Tout comme pour Lorde, les réactions à ce changement de direction musical seront mitigées. Certain.e.s y distingueront une véritable lueur de génie, d’autres assigneront ce nouveau style aux musiques d’ambiance dignes de Forever 21. Comme quoi, dans la constance comme la diversité, l’artiste est rarement gagnant.e face à ses fans.
Mais par ce changement, Drake semble aussi avoir compris « sa mortalité musicale », comme l’écrit l’éditeur Adrian Lee dans un article du Globe and Mail. Aussi éternel s’est-il senti (« Je serai toujours the man quand tout sera fini », promettait-il en 2010, dans sa chanson Over), il n’empêche que les générations passent, les genres musicaux changent, et ce qui faisait succès hier n’est plus du tout efficace aujourd’hui.
Il est donc impératif pour un.e interprète de sortir de ce qui l’a fait.e connaître pour s’adapter à ce qui se fait présentement et ainsi survivre sur le long terme.
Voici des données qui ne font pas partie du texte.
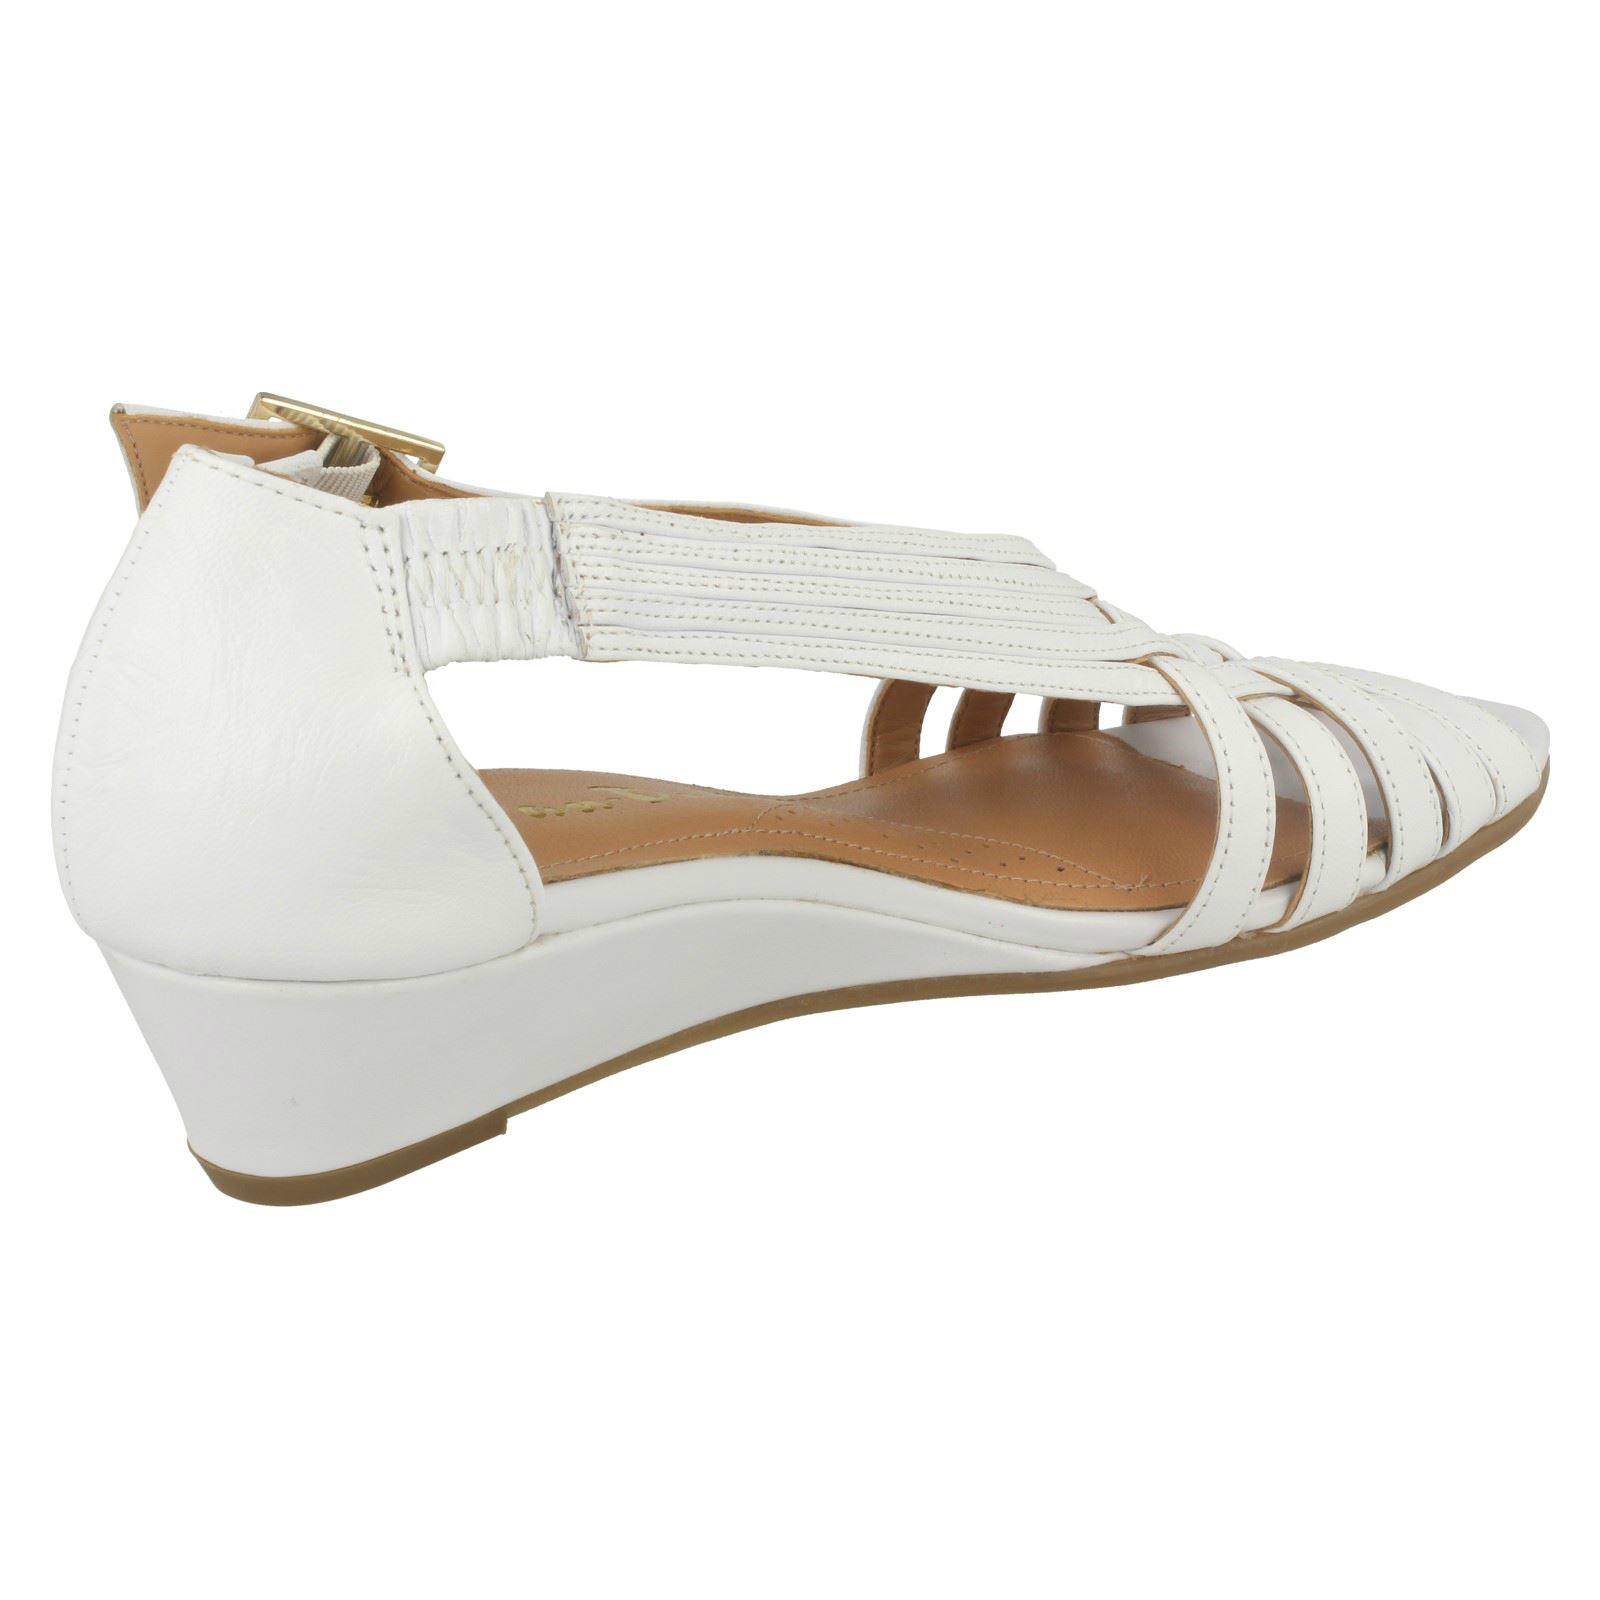 Ladies-Van-Dal-Wedge-Strappy-Sandals-Lucie thumbnail 19
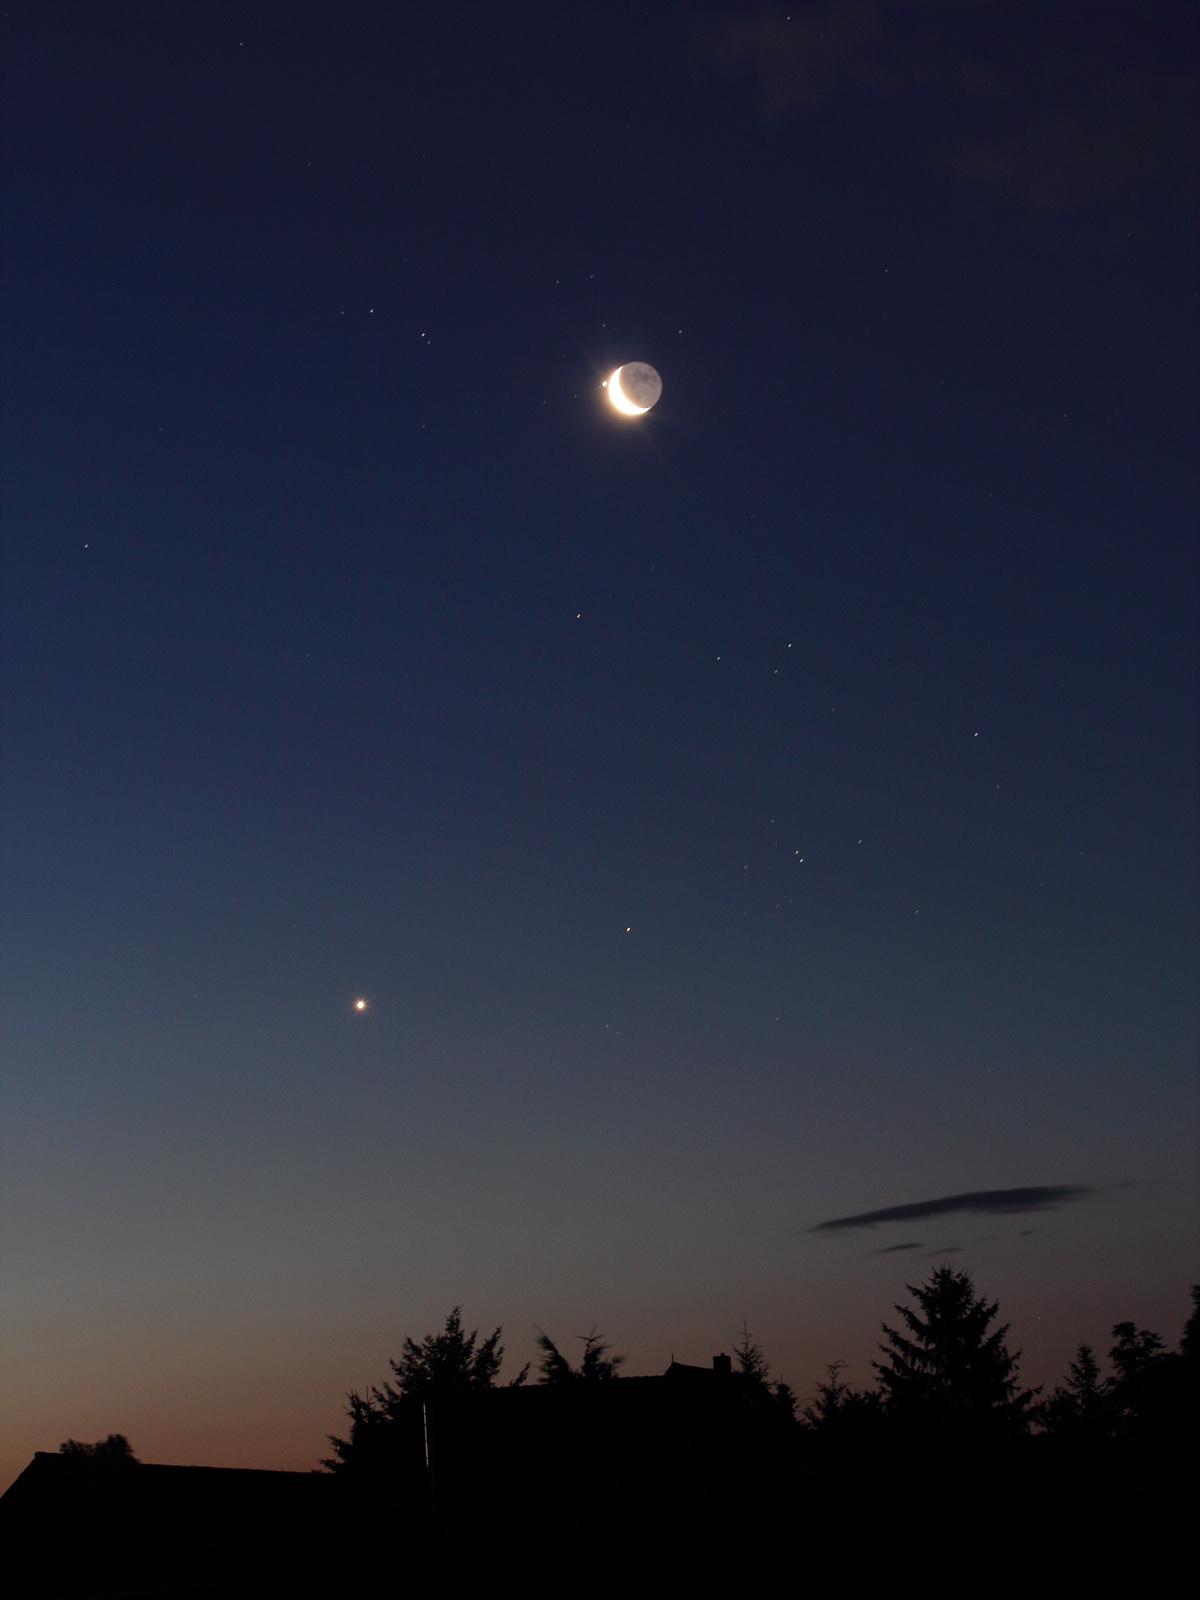 [Bild: K_Mond_Planeten_120715.jpg?m=1342432136]

Attention, il ne faut pas non plus sacrifier son authenticité au profit de la nouveauté, mais plutôt de mélanger le nouveau à l’ancien pour en ressortir chaque fois plus versatile qu’avant.
Nous peinons beaucoup à imaginer un musicien ou une musicienne en dehors du cadre qui l’a rendu.e connu.e.
Le changement permet aussi à l’artiste de rencontrer un nouveau public qui, auparavant, serait resté hermétique à son univers. Pour ma part, cela a été le cas avec Taylor Swift. Jusqu’en 2015, rien de ce qu’elle faisait ne m’intéressait, ses chansons comme sa personnalité me semblant infiniment ennuyeuses. Sans compter qu’il était bien vu de détester gratuitement Taylor Swift, à l’époque — et vive la misogynie intégrée.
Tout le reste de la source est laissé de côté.